Folk, is this a good idea to explicitly create bool ranges as a return value?
As for me, comparisons like >, <, etc. can only produce bool-based ranges, otherwise it would be weird.

Nit: please add new line at the end of the file.

I have really hard time processing how to interpret AnyX2.

For example in the code below:

if (x >= y)
  if (x != y)
    if (x <= y)
      return false

if (x >= y)
  if (x == y)
    if (x <= y)
      return true

We would get different results for <=. So I do not really get how I should read the AnyX2 column.

Could LHS and RHS be other expressions? Does it make sense to continue executing this function if one of them is not a simple symbol?

I think modeling booleans with ranges is OK. This is what the analyzer is doing at the moment. But I guess the question is about whether boolean results of comparisons is a good way to store the relationships between the symbols. I am not convinced about that see my inline comment below.

I am not really familiar with how constraints are represented but I vaguely recall the analyzer sometimes normalizing some expressions like conversion A == B to A - B == 0. I am just wondering if this API to look this expression up is not the right abstraction as it might be better to handle such normalizations in a unified, central way.

Also, note that this method does not handle transitivity. I wonder if maintaining set of ranges is the right representation for this information at all. The ordering between the symbols will define a lattice. Representing that lattice directly instead of using ranges might be more efficient.

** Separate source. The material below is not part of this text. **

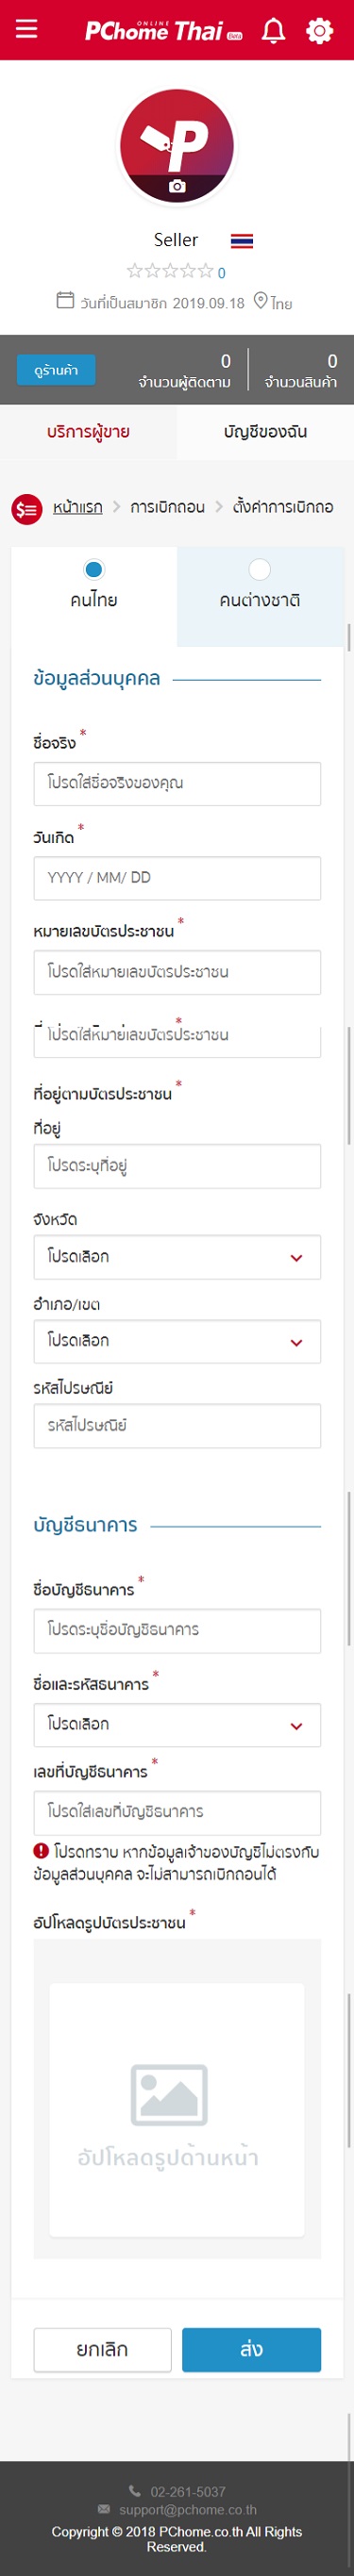 STEP 05-1. 若為泰國公民，需上傳泰國身分證，並填寫銀行戶名和個人姓名相同的銀行帳號，否則無法進行提領。

I'm sorry for the obscure explanation. I was really thinking about how to explain it more clear.
Let's consider this code:

if (x >= y)
  if (x != y)
    if (x <= y)

If 'x >= y' is true, then following x <= y is Any ( can be true or false ). See table in the summary.
If 'x != y' is true, then following x <= y is Any ( can be true or false ).
If 'x >= y && x != y' is true, then following x <= y is False only (it means that we previously met two Any states, what I've called as AnyX2).

I think it makes sense, because (x+3*y) > z and z < (x+3*y) perfectly fits in the logic.

Once I met a case when logic operator < retruns me int-based ranges {0,0} on the false branch and {1, 429496725} (instead of bool-based {1,1}) on the true branch. It confused me, so the question arised.

conversion A == B to A - B == 0.

All my samples x == y worked as x == y. I havn't seen such transformations.

Representing that lattice directly instead of using ranges might be more efficient.

How do you imagine that lattice? Could you detail it?

Could you tell me how the reasoning would be different for

if (x >= y)
  if (x == y)
    if (x <= y)

?

Makes sense, thanks. Maybe it would be worth to rephrase the comment to note that x and y can also stand for subexpressions, not only for actual symbols.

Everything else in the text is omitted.